To avoid redundancy, more details can be found in this post.

Answer 2

Here is how to derive the approximation $e^{\pi\sqrt{163}}\approx x^{24}-24$.

First recall how the approximation $e^{\pi\sqrt{163}}\approx640320^3+744$ is proved. The $j$ function has $q$-expansion $$j(\tau)=\frac{1}{q}+744+196884q+21493760q^2+\cdots.$$ If we set $\tau=\frac{1}{2}(1+\sqrt{-163})$ and $q=e^{2\pi i\tau}=-e^{-\pi\sqrt{163}}$, then we have $$-640320^3=j(\tau)=-e^{\pi\sqrt{163}}+744-\frac{196884}{e^{\pi\sqrt{163}}}+\frac{21493760}{e^{2\pi\sqrt{163}}}+\cdots.$$ This gives the approximation $$e^{\pi\sqrt{163}}\approx640320^3+744.$$

For the approximation $e^{\pi\sqrt{163}}\approx x^{24}-24$, we will use the Weber modular function $$\mathfrak f(\tau)=q^{-1/48}\prod_{n=1}^\infty(1+q^{n-1/2}).$$ The $24$th power of $\mathfrak f(\tau)$ has $q$-expansion $$\mathfrak f(\tau)^{24}=q^{-1/2}\prod_{n=1}^\infty(1+q^{n-1/2})^{24}=q^{-1/2}+24+276q^{1/2}+2048q+11202q^{3/2}+\cdots.$$ If we set $\tau=\sqrt{-163}$ and $q=e^{2\pi i\tau}=e^{-2\pi\sqrt{163}}$, then we have $$\mathfrak f(\sqrt{-163})^{24}=e^{\pi\sqrt{163}}+24+\frac{276}{e^{\pi\sqrt{163}}}+\frac{2048}{e^{2\pi\sqrt{163}}}+\frac{11202}{e^{3\pi\sqrt{163}}}+\cdots.$$ This gives the approximation $$e^{\pi\sqrt{163}}\approx\mathfrak f(\sqrt{-163})^{24}-24.$$ The improved accuracy of this approximation is due to the fact that the coefficient $276$ is smaller than the coefficient $196884$.

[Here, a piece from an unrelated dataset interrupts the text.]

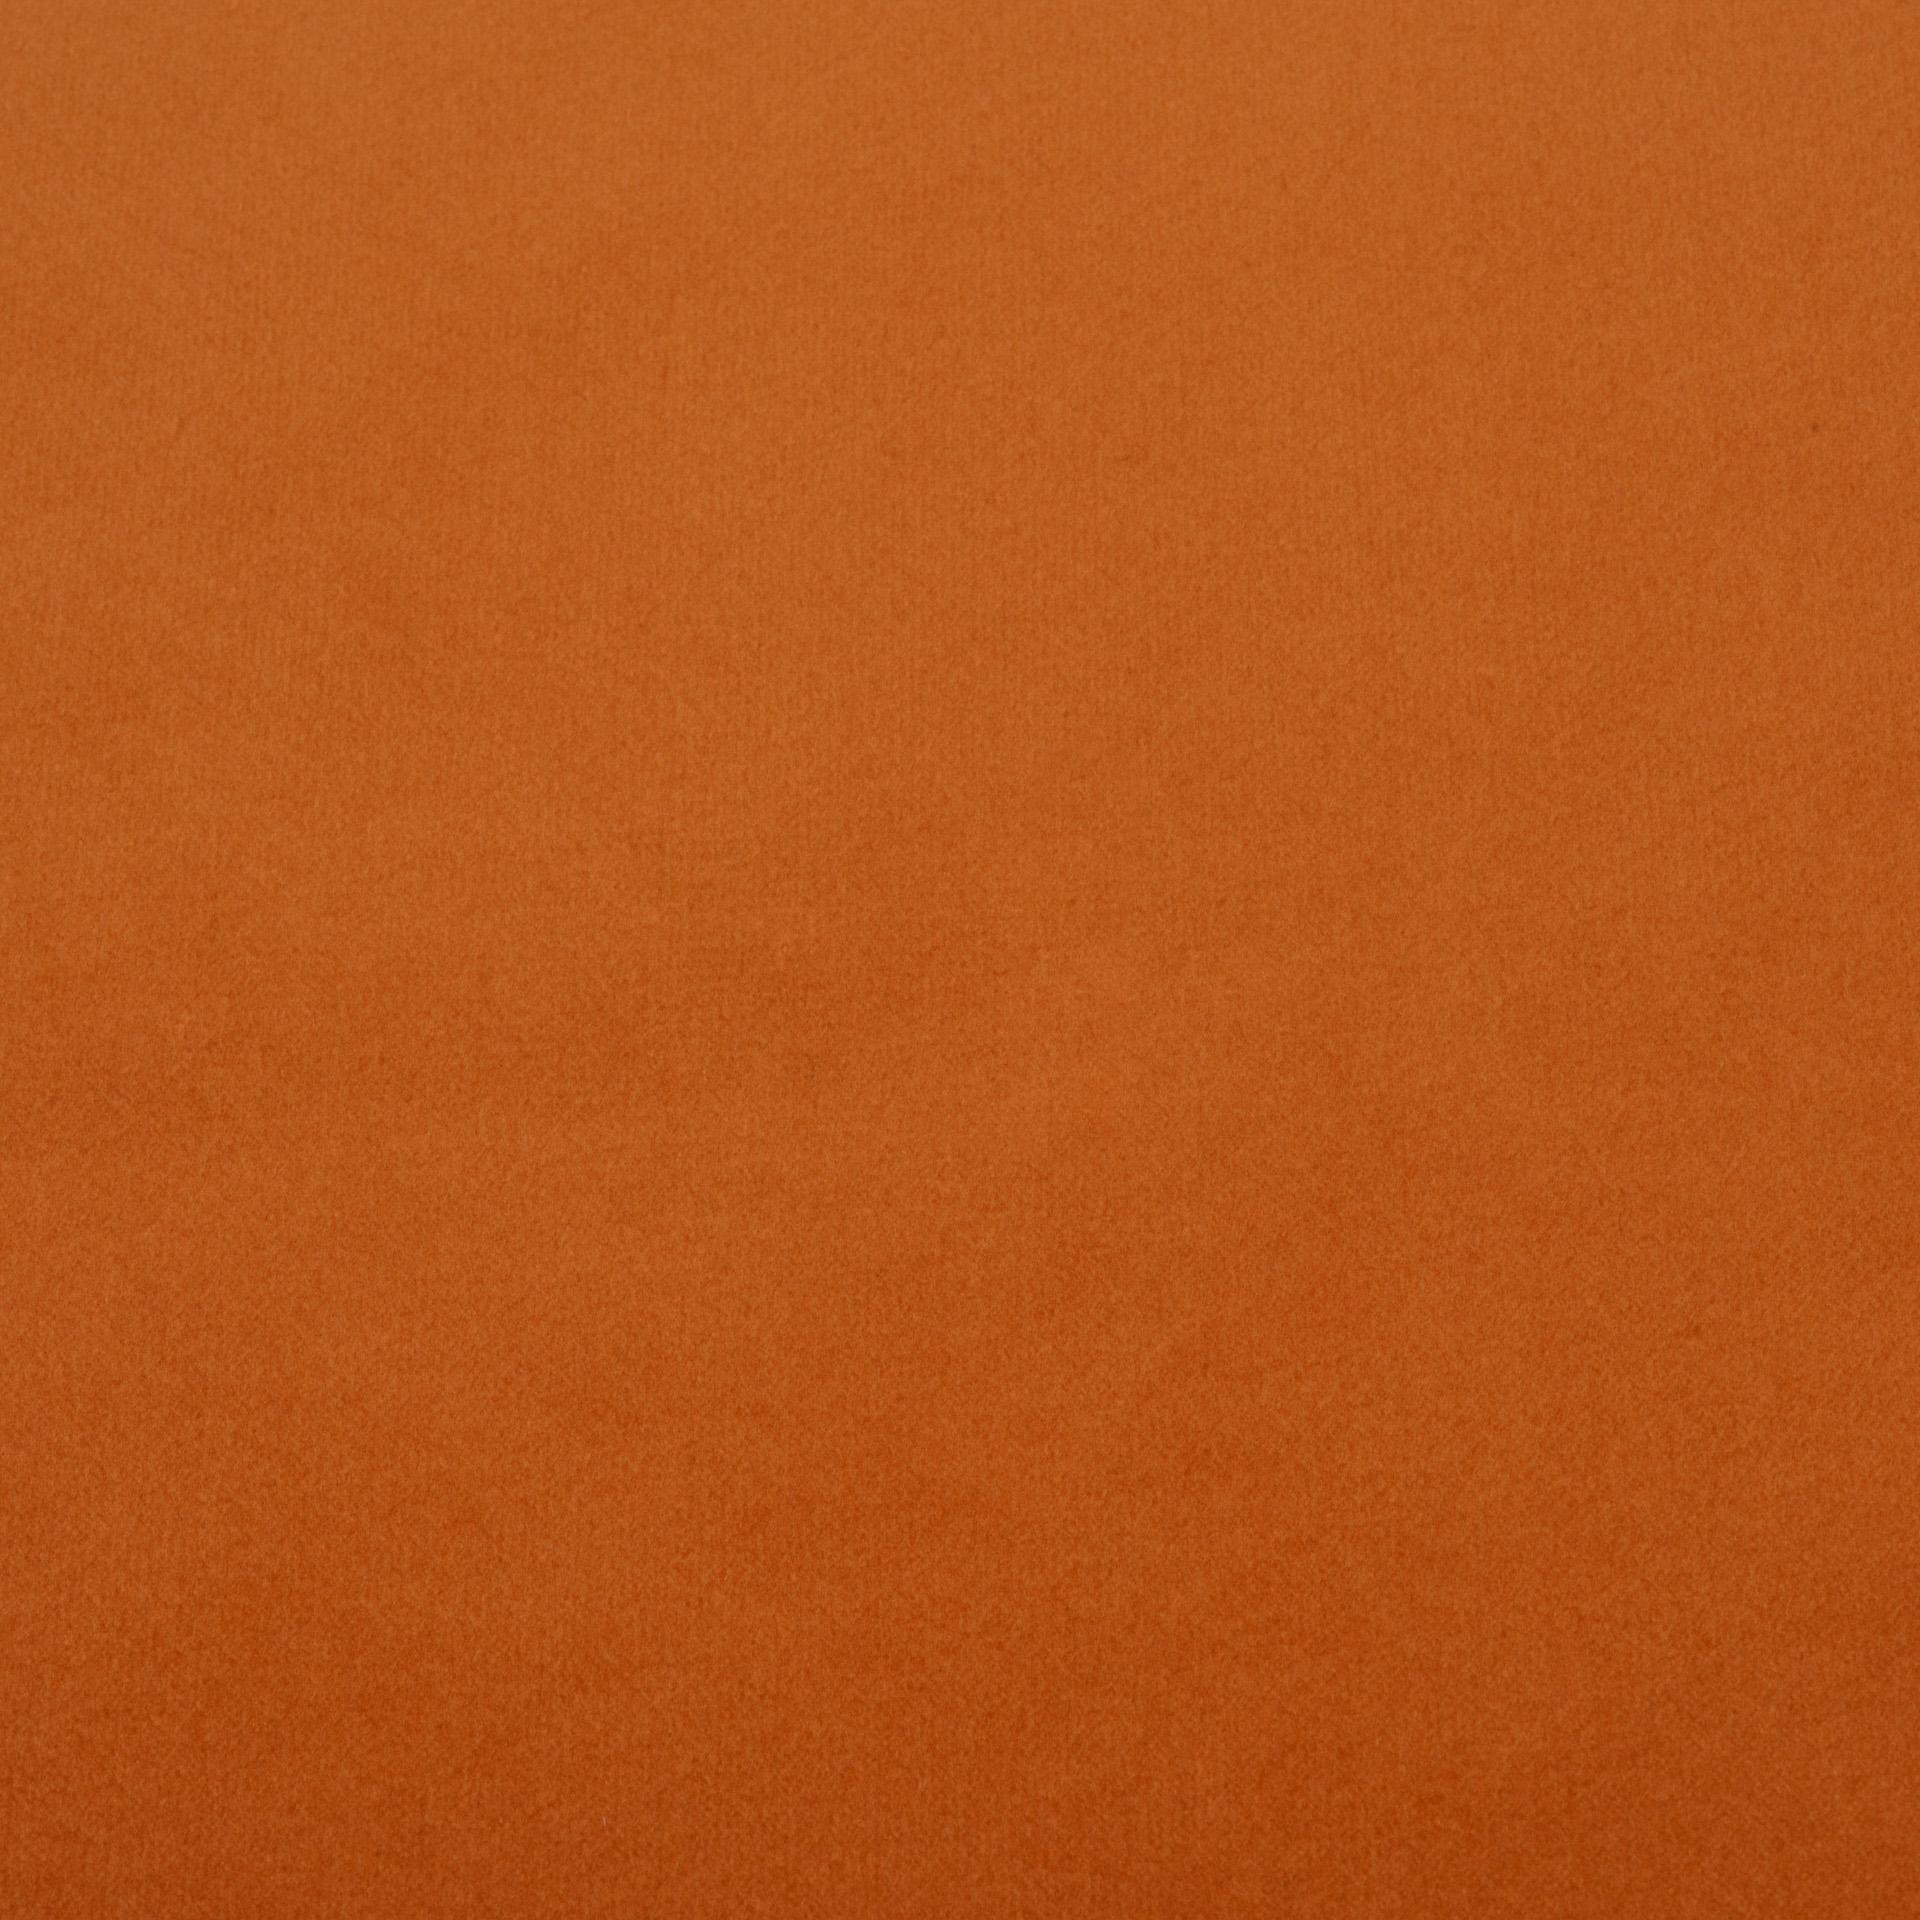 Коллекция ткани Багира 24 BABY CARROT,  купить ткань Велюр для мебели Украина

The only remaining mystery is why $\mathfrak f(\sqrt{-163})$ is the real root of the cubic polynomial $x^3-6x^2+4x-2$. One reference for this is the paper "On the Singular Values of Weber Modular Functions" by Yui and Zagier. From section 6 of the paper, we learn that there is a cubic polynomial \begin{align*} x^3-2\lambda x^2+2\mu x-2&=\left(x-\mathfrak f(\sqrt{-163})\right)\left(x-\frac{\sqrt2}{\mathfrak f\left(\frac{15+\sqrt{-163}}2\right)}\right)\left(x-\frac{\sqrt2}{\mathfrak f\left(\frac{-15+\sqrt{-163}}2\right)}\right)\\ &\approx(x-5.3186)(x-(0.3407+0.5099i))(x-(0.3407-0.5099i)) \end{align*} with $\lambda,\mu\in\mathbb{Z}$ (this uses the fact that $\mathbb{Q}(\sqrt{-163})$ has class number one). Then expanding the right hand side shows that $\lambda=3$ and $\mu=2$ as desired.